## RECORDED DATA

■ ■ ■

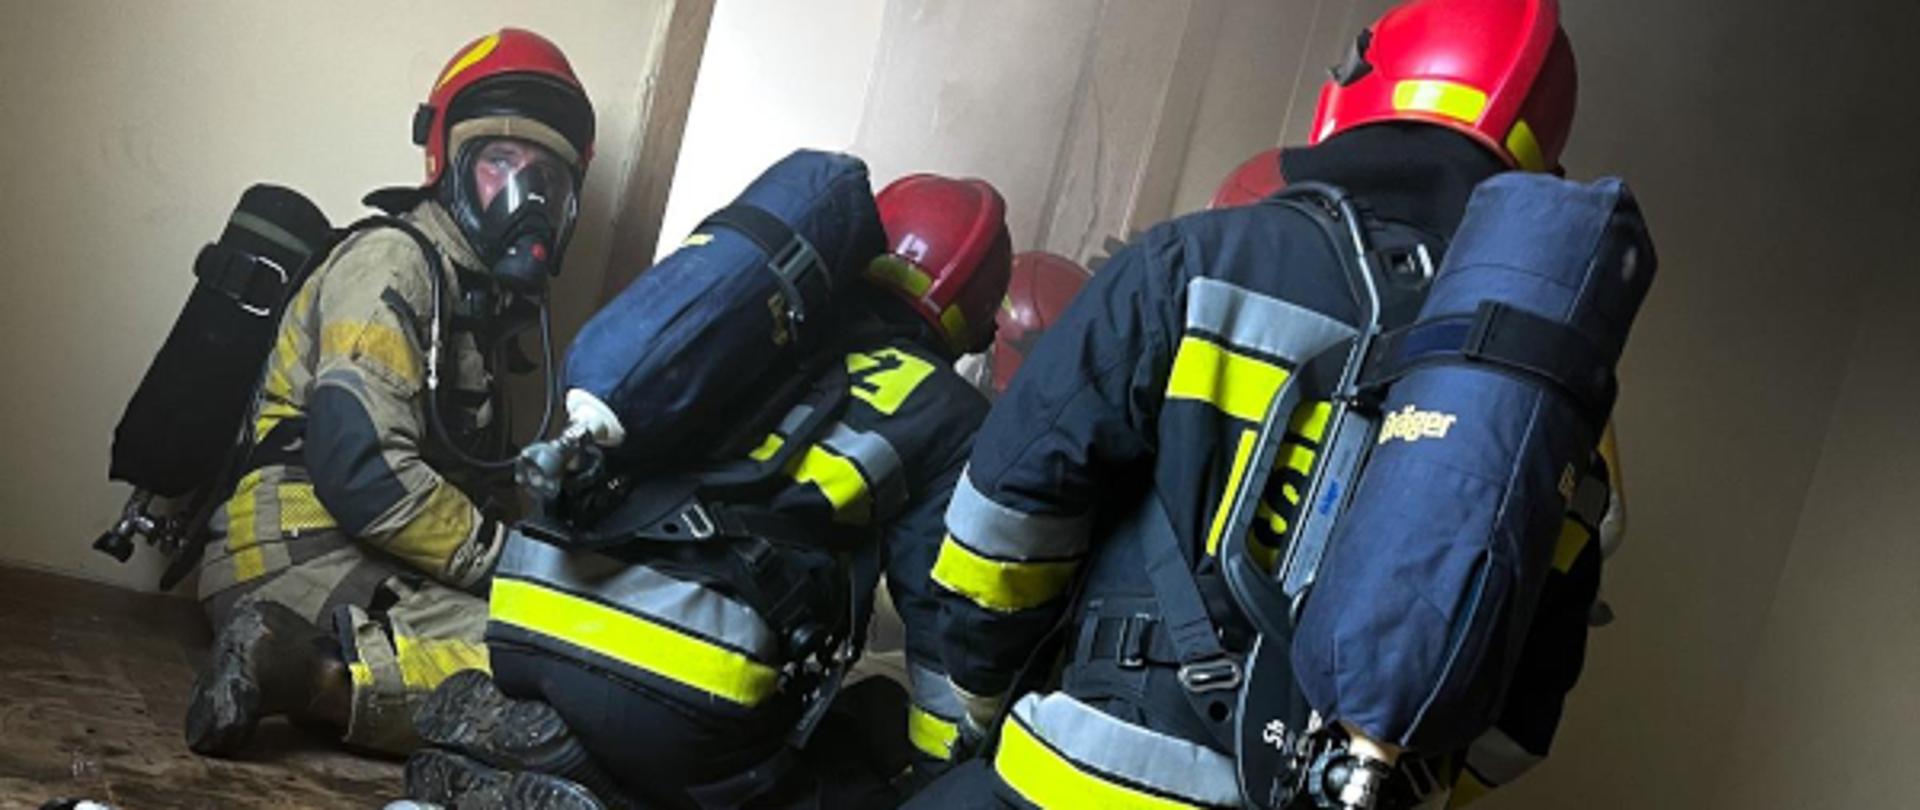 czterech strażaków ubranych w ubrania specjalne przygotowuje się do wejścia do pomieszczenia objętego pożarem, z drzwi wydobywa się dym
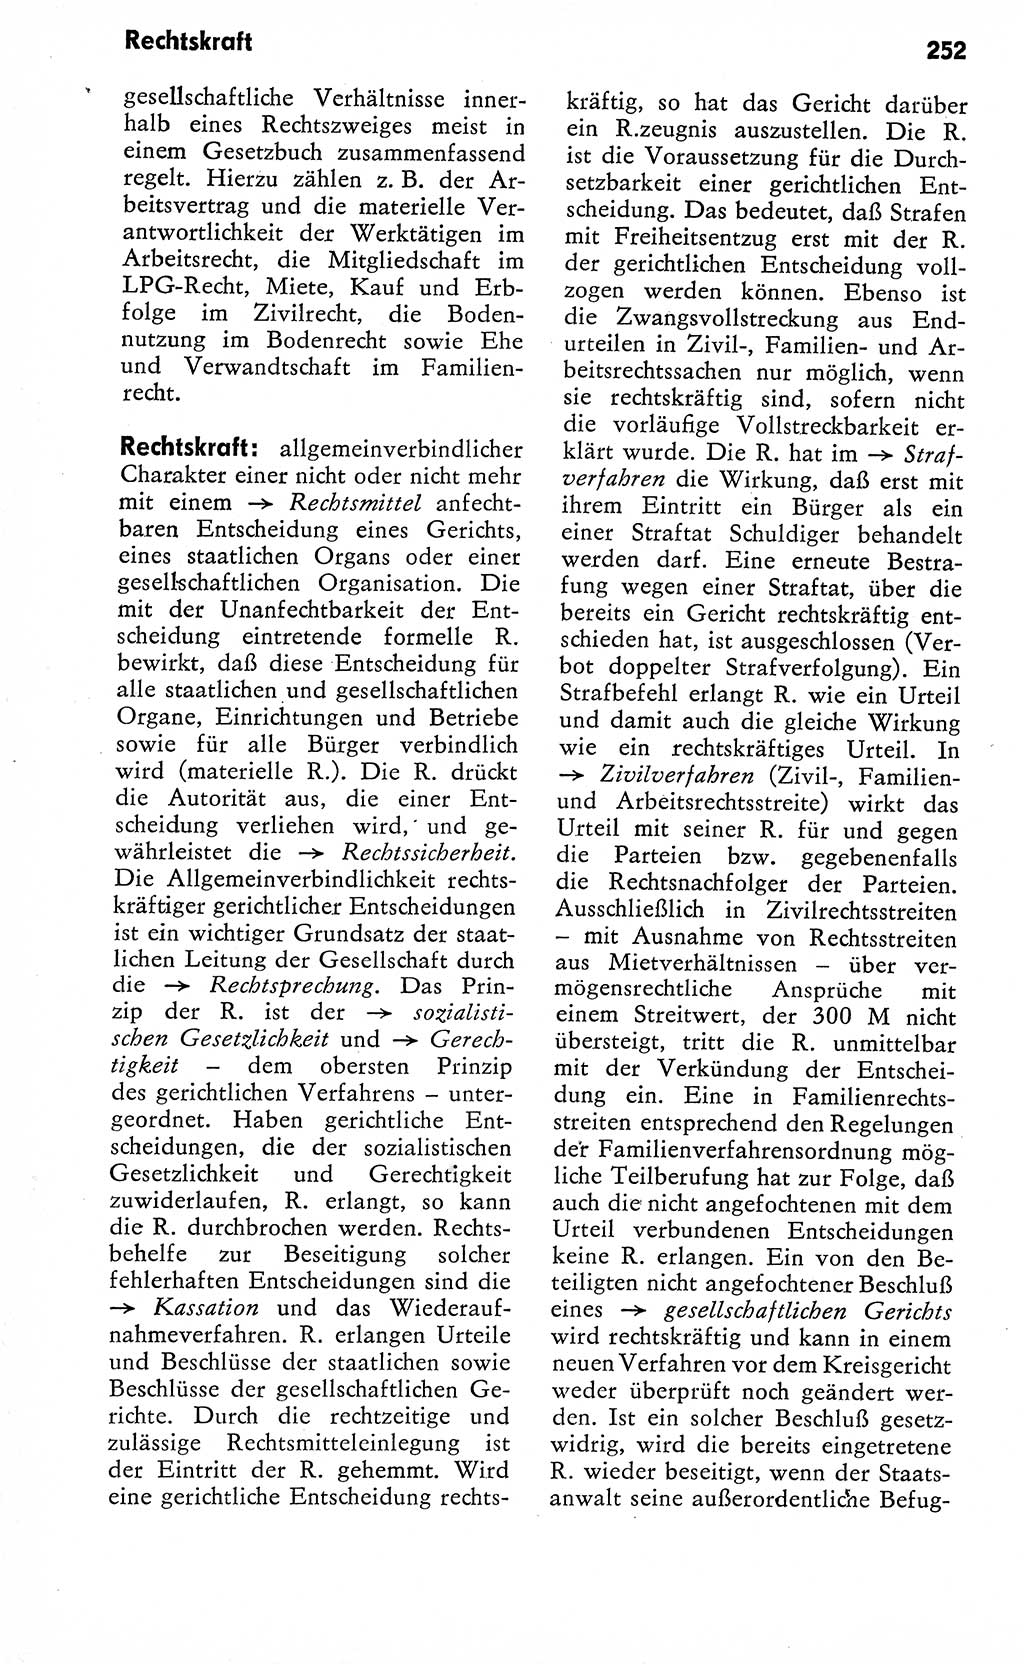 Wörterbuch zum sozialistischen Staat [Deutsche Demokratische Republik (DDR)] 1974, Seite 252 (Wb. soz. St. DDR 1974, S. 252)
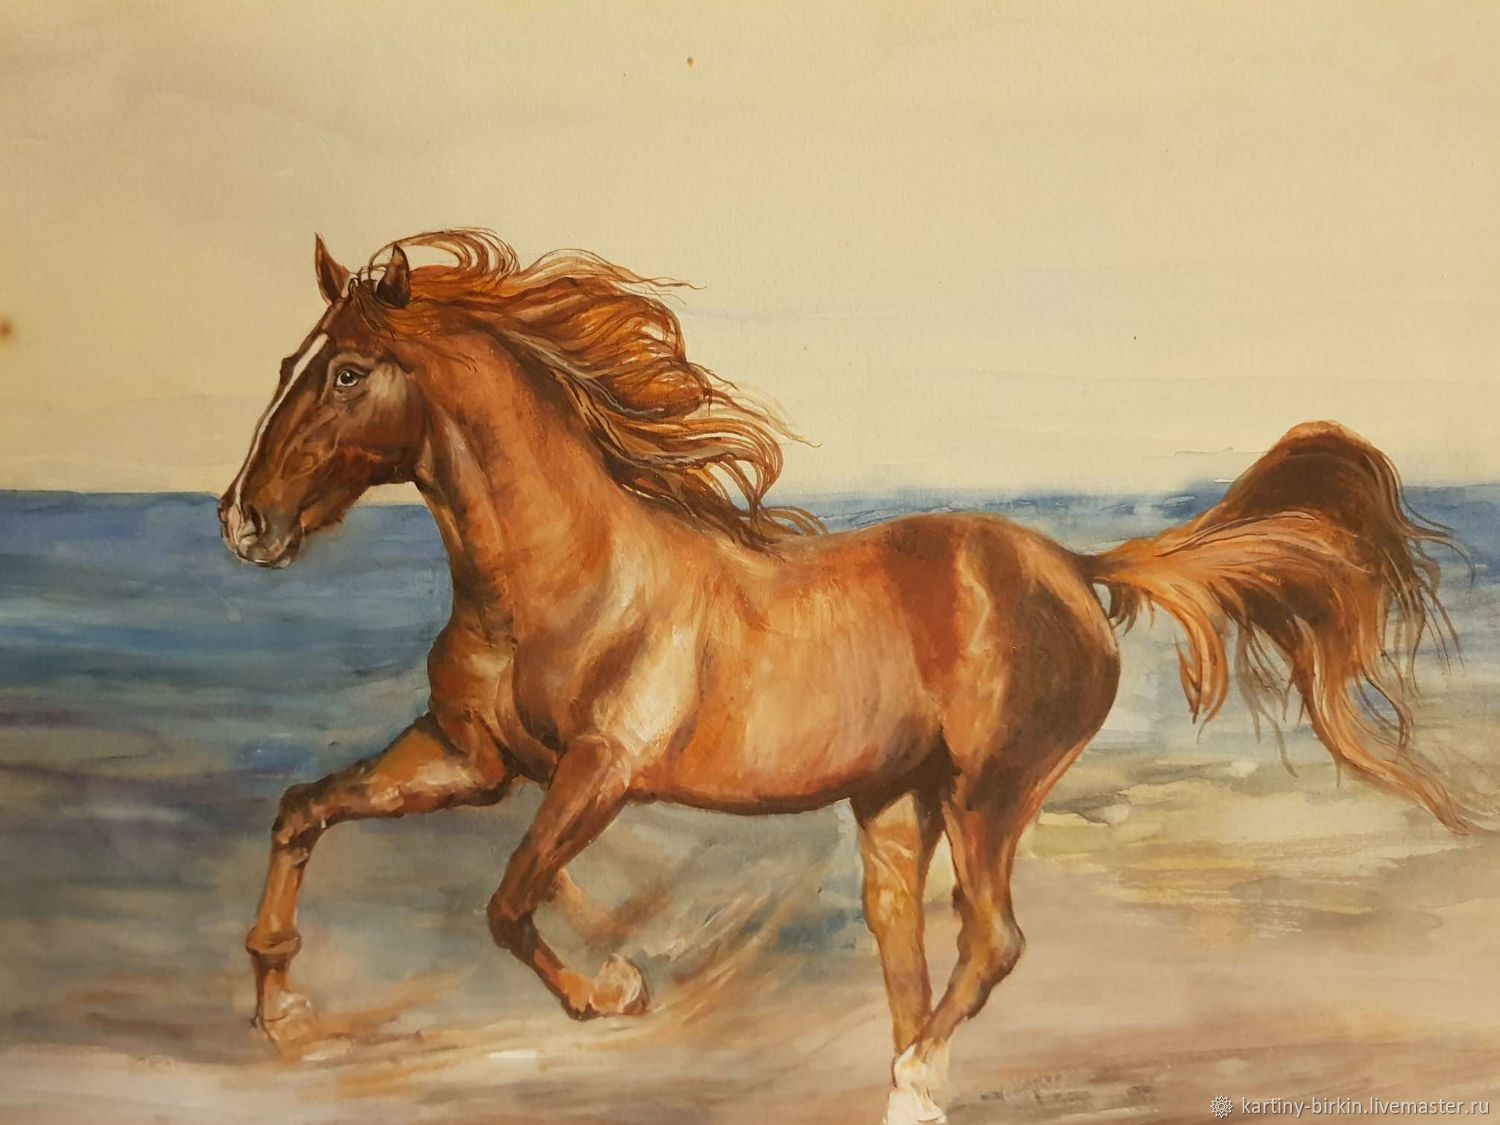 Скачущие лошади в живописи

■ ■ ■

Repeat the data exactly, excluding the pictures.

## WRITTEN RESPONSE
 czterech strażaków ubranych w ubrania specjalne przygotowuje się do wejścia do pomieszczenia objętego pożarem, z drzwi wydobywa się dym
 Wörterbuch zum sozialistischen Staat [Deutsche Demokratische Republik (DDR)] 1974, Seite 252 (Wb. soz. St. DDR 1974, S. 252)
 Скачущие лошади в живописи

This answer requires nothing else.